Abstract:
Introduction
IRIS is a paradoxical inflammatory response in HIV/AIDS patients,
occurring in 4-35% of cases after starting ART, especially in those
with CD4 counts <100 cells/μL. It typically appears within 1-3 months
and includes two forms: worsening of known opportunistic infections
and unmasking of undiagnosed ones. Its manifestations are
influenced by the interaction between ART, infections, and the host
immune response.
Material and methods
An examination of systematic reviews and other publications in
English from the past decade, utilising sources such as PubMed,
Elsevier, BMJ, and the CDC and WHO.
Results
Elevated HIV viral loads prior to the initiation of ART, in conjunction
with brief intervals between the start of OI treatment and the
initiation of ART, lower pre-treatment CD4+ cell counts and a rapid
increase in CD4+ cells following the commencement of ART,
contribute to an increased risk of IRIS. No notable differences in
gender, mode of transmission, and ART regimens were noted
between the IRIS and non-IRIS patients. Region-specific IRIS includes
cryptococcal meningitis (CM) and tuberculosis (TB), which are prevalent in sub-Saharan Africa and Southeast Asia; Talaromyces
marneffei skin lesions have been identified in northern Thailand and
Vietnam. In Latin America, CM, histoplasmosis, and paracoccidioidomycosis constitute significant fungal infections; mucocutaneous leishmaniasis has been observed in Bolivia and Peru. In
the Americas and Europe, common conditions include Progressive
Multifocal Leukoence-phalopathy (PML), CMV retinitis, and noninfectious issues related to IRIS. Other notable cases often involve
the Mycobacterium avium complex, Kaposi's sarcoma (KS), hepatitis
HBV/HCV, and, in migrants, tuberculosis (TB). Children under the age
of 15 are at a higher risk of IRIS (∼26% vs. 10-20% in adults), often
presenting with suppurative lymphadenitis following BCG vaccination
and CMV retinitis. The decline in thymic function among the elderly
alters T-regulatory responses; thus, in adults aged 15-49, a
paradoxical worsening of TB and cryptococcal infections is common.

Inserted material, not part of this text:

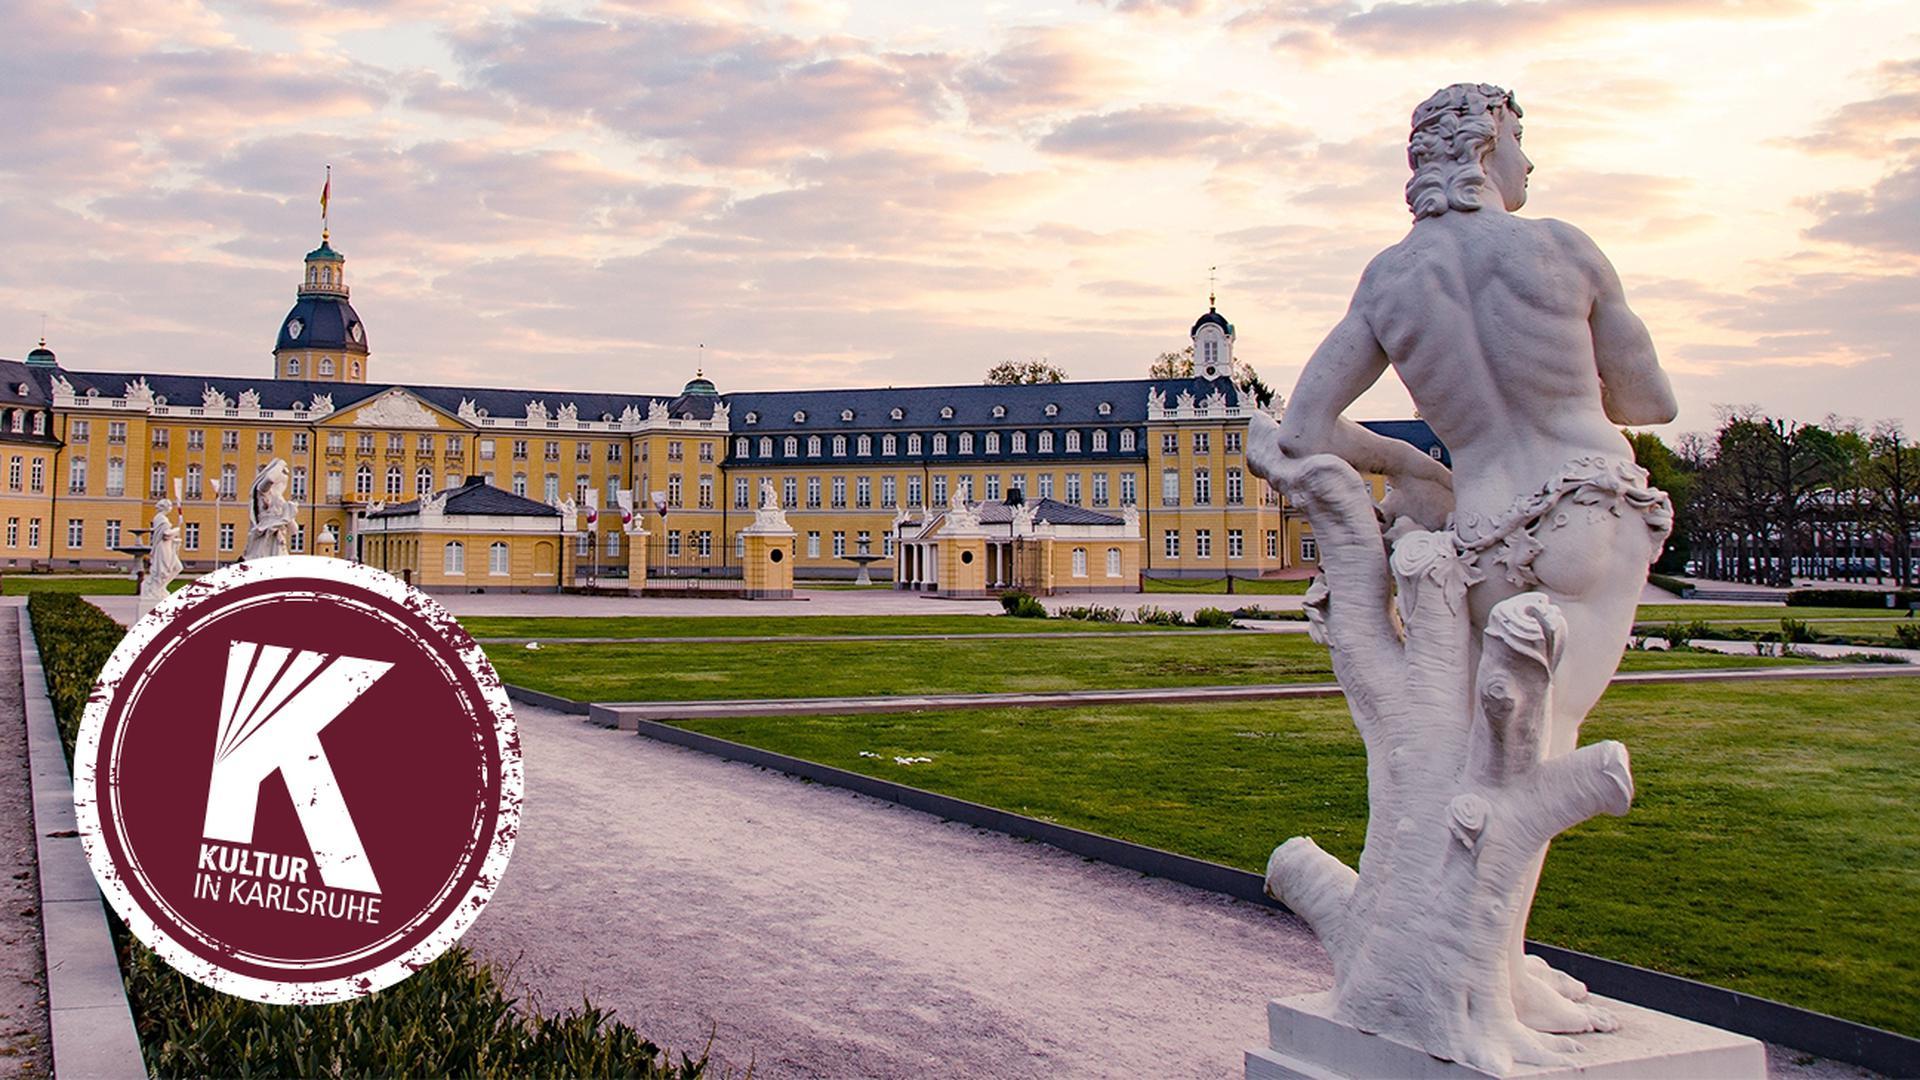 """In Karlsruhe trifft Barockschloss auf Medienkunst und Mundart auf Oper: Folgen Sie der """"Kultur in Karlsruhe"""" und erleben Sie die Vielfalt!"""

For individuals over 50, IRIS is associated with atypical non-infectious
conditions (such as rheumatological disorders), non-Hodgkin
lymphoma, KS, and elevated mortality rates (∼25% vs. 15% in
younger adults). Healthcare factors that elevate the risk of IRIS
include delayed diagnosis, late ART initiation, and low CD. To
minimise IRIS mortality, testing for TB and cryptococcal infections
during pre-ART screening is essential in Africa and Asia; fluconazole
prophylaxis is necessary in areas where cryptococcal infections are
endemic; and screening for malignancies is important for older
adults.
Conclusions
Although the fundamental immunological risk factors for IRIS are the
same worldwide, its manifestations vary based on the local
prevalence of opportunistic infections. This variation is also
influenced by host immunity, age-related vulnerabilities, and the
availability of healthcare and diagnostic resources.